Em um país que enaltece torturadores, quem alimenta os pobres é perseguido. Qual é o crime previsto para quem dá comida àqueles que sentem fome? O relatório “O Estado da Segurança Alimentar e Nutrição no Mundo (SOFI)”, da Organização das Nações Unidas para a Alimentação e a Agricultura (FAO), mostra que a fome no Brasil piorou nos últimos três anos. Mais de 70 milhões de pessoas estavam em estado de insegurança alimentar moderada no ano de 2022 e 21,1 milhões em estado grave devido à fome.
É preciso fazer justiça para combater a fome. Conhecido pelo compromisso de prestar assistência a moradores de rua e menores abandonados no Centro de São Paulo, o padre da Paróquia de São Miguel Arcanjo, Júlio Lancellotti, defende que com uma mão se deve dar o pão e, com a outra, lutar. O religioso tem o compromisso de distribuir alimentos, cobertores e denunciar, por meio das redes sociais digitais, o que chama de ‘aporofobia’, o sentimento de aversão aos pobres. Entre eles os sem-teto, LGBTQIAP+ marginalizados, pessoas em situação de privação de liberdade e órfãos.
O ódio aos pobres também aparece nas ruas da maior cidade do Brasil. Em suas ações, Lancellotti quebrou pedras em viadutos na Zona Leste de São Paulo, presentes ali para impedir que moradores de rua usassem o espaço para dormir sob abrigo. Ainda que seja do Estado a obrigação de assegurar o direito à alimentação, moradia e bem-estar da população, políticos de extrema-direita utilizam da fé para propagar ódio e perseguir quem tem lutado na rua junto àqueles que mais precisam, como Lancellottti.
A Câmara de São Paulo cogita abrir uma Comissão Parlamentar de Inquérito (CPI) a partir de fevereiro, a chamada de CPI das ONGs (Organização Não Governamental), para investigar as ONGs que atuam na região da Cracolândia, com autoria do vereador Rubinho Nunes (União Brasil). O sacerdote está como alvo e a sua atuação nas áreas de vulnerabilidade social, ainda que o religioso afirme que não faz parte de nenhuma ONG, nem ter qualquer envolvimento com projetos que recebam dinheiro público. Em meio aos charlatões da fé, a intenção é perseguir um padre que realmente ajuda pessoas em situação de rua.
A extrema-direita persegue um homem que distribui alimento nas ruas.
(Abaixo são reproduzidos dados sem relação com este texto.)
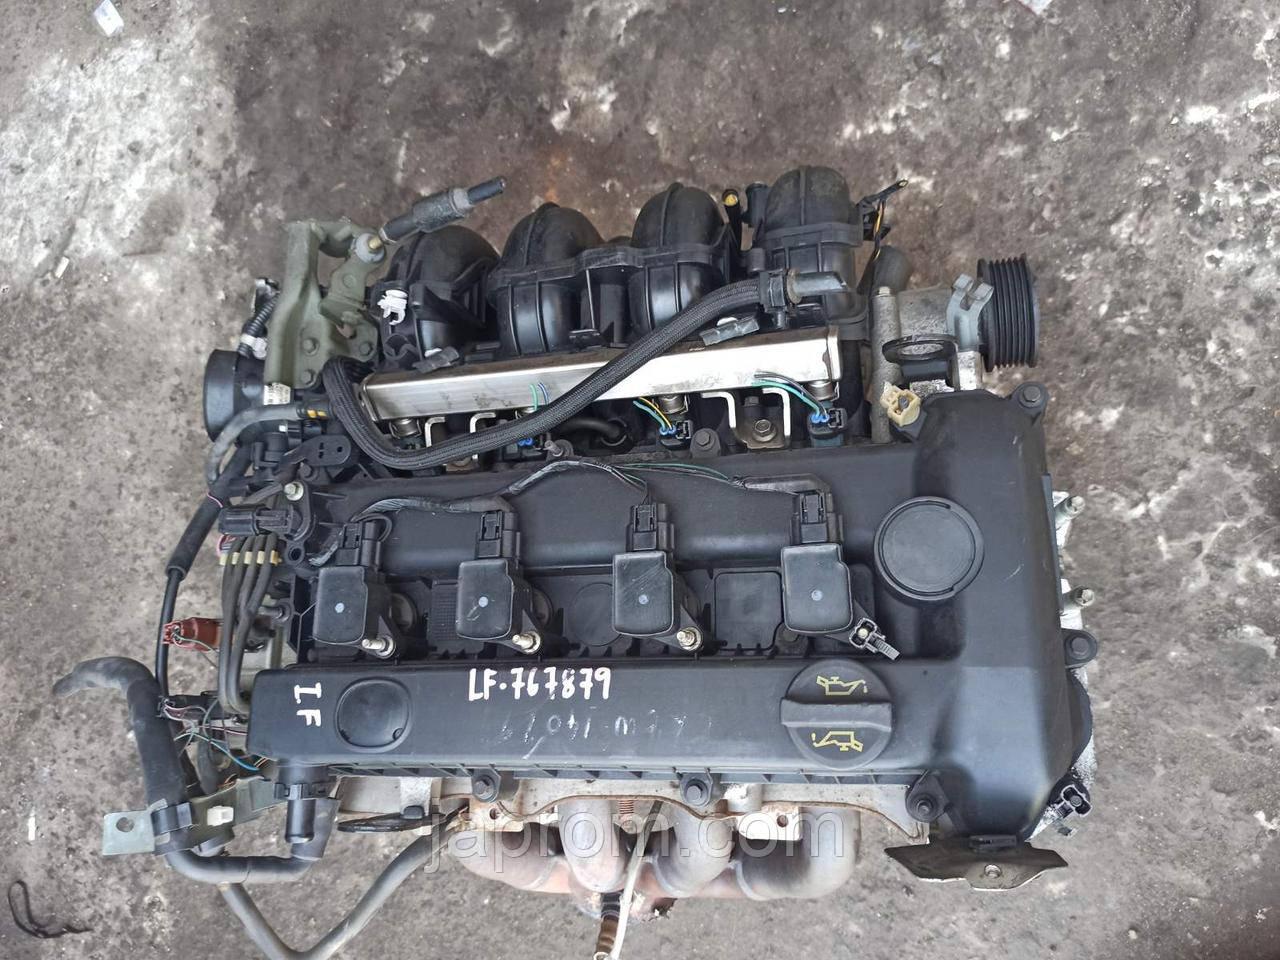 Мотор (Двигатель) Mazda Мазда 6 GG MPV 2.0 бензин 16V LF 17 2003-0.6г.в.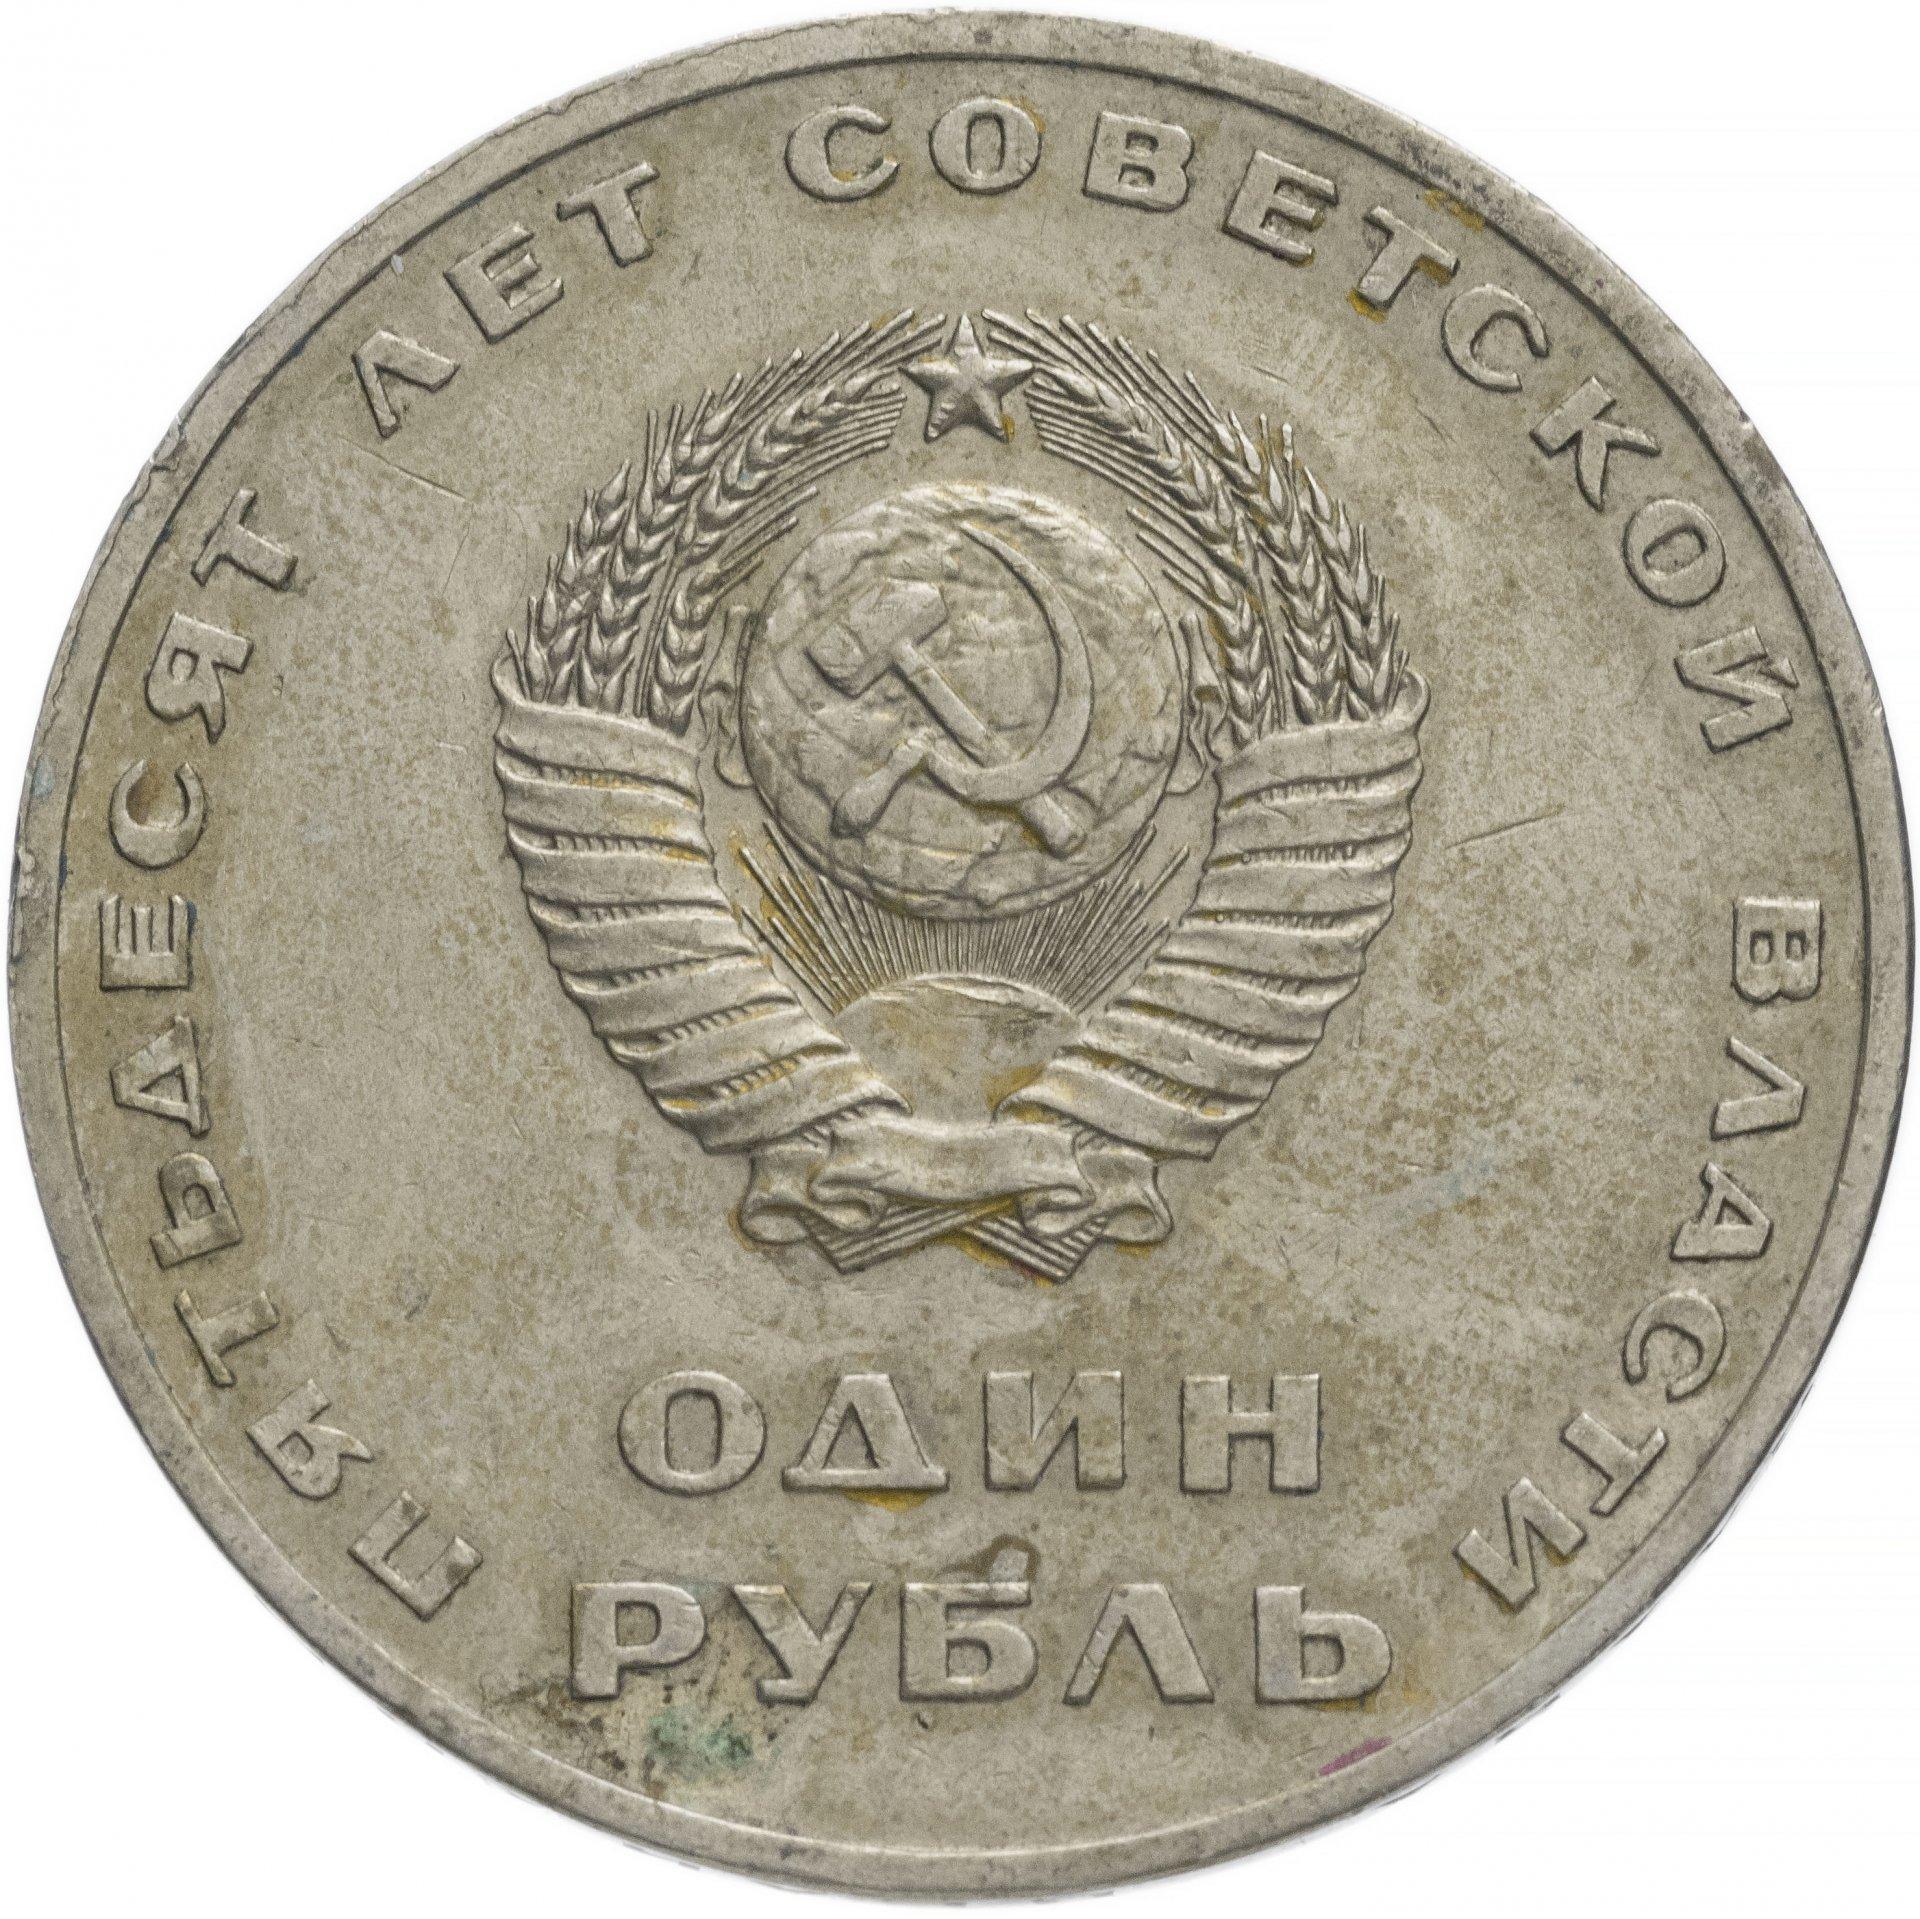 Картинка рубли ссср довольно

A medida eleitoreira está acima, portanto, de qualquer ensinamento bíblico, e é a atuação do padre que usa marretas para destruir a arquitetura hostil de São Paulo que incomoda. Por um lado, Júlio é exaltado pela coragem de seguir os passos de Jesus. Por outro, é demonizado.
Onde está o Cristo, senão entre os marginalizados?